Creativity and Redemption: the Art of Messing Up with Anna Krafve Pierce

Easter, Creativity and Redemption are three words that go together well. With a few uncharted moments, we can give our kids memories to treasure, especially at Easter. Still, family gatherings can feel a little daunting.

How can we use free time to foster creativity and redemption in our kids’ hearts? My daughter, artist Anna Krafve Pierce co-hosted Fireside Talk Radio recently to brainstorm ideas for making the most of holiday moments.

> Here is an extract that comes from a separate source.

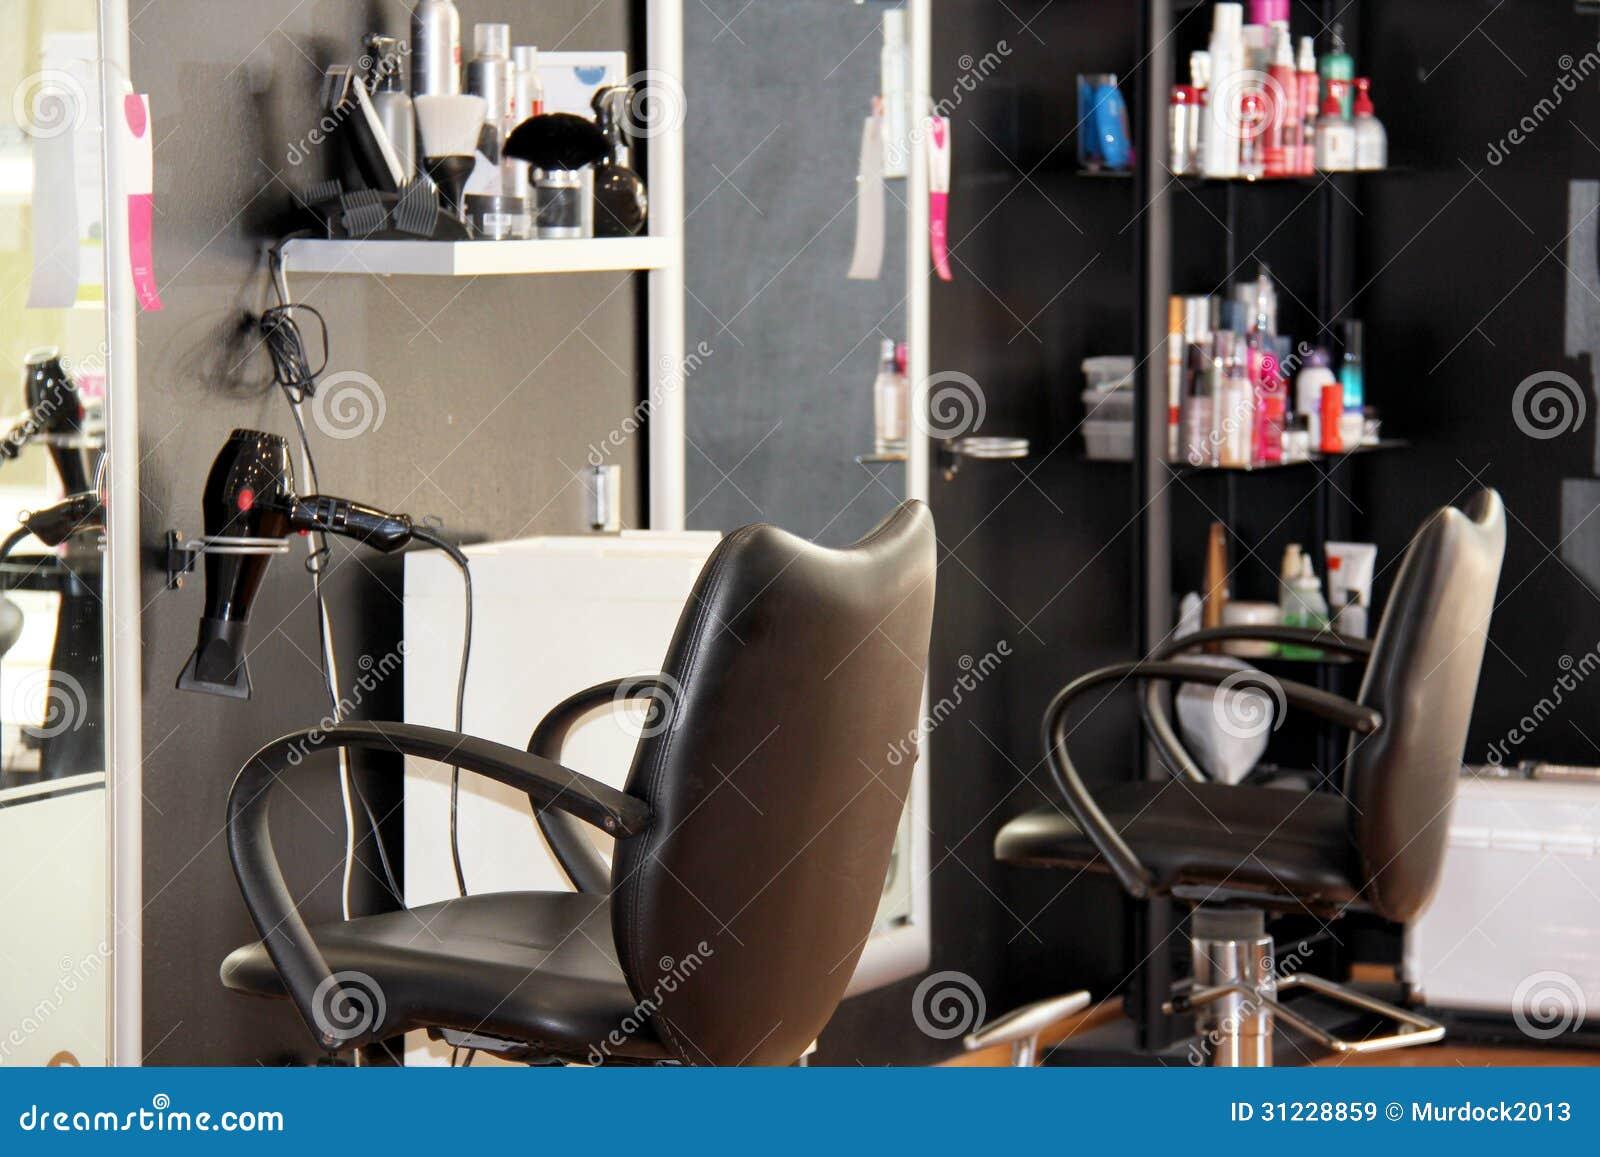 Salon de coiffure moderne image stock. Image du santé - 31228859

Two soft, little lambs lean into their mom for comfort. From Easter, Creativity, and Redemption: Surviving Spring Break with Anna Krafve

Happy Easter!

First, Happy Easter! In honor of the resurrection, we made you a little gift. Please click here to download the printable templates we created just for you. Hopefully, these will keep your kids happily coloring, cutting, and pasting. (Feel free to email me directly, if you’re already getting our weekly blog. We really love to hear from you!)

By the way, our free design creates a darling gift box for a candy bar. Pretty genius way to pass along a Bible verse to any of your neighbors, combining creativity and redemption and your kids’ crayons! More good news: according to Anna, any parent can foster creativity in their kids in 3 simple ways.

Three Ways Parents Successfully Foster Creativity in Their Kids

#1 Greet all art work like a valuable gift.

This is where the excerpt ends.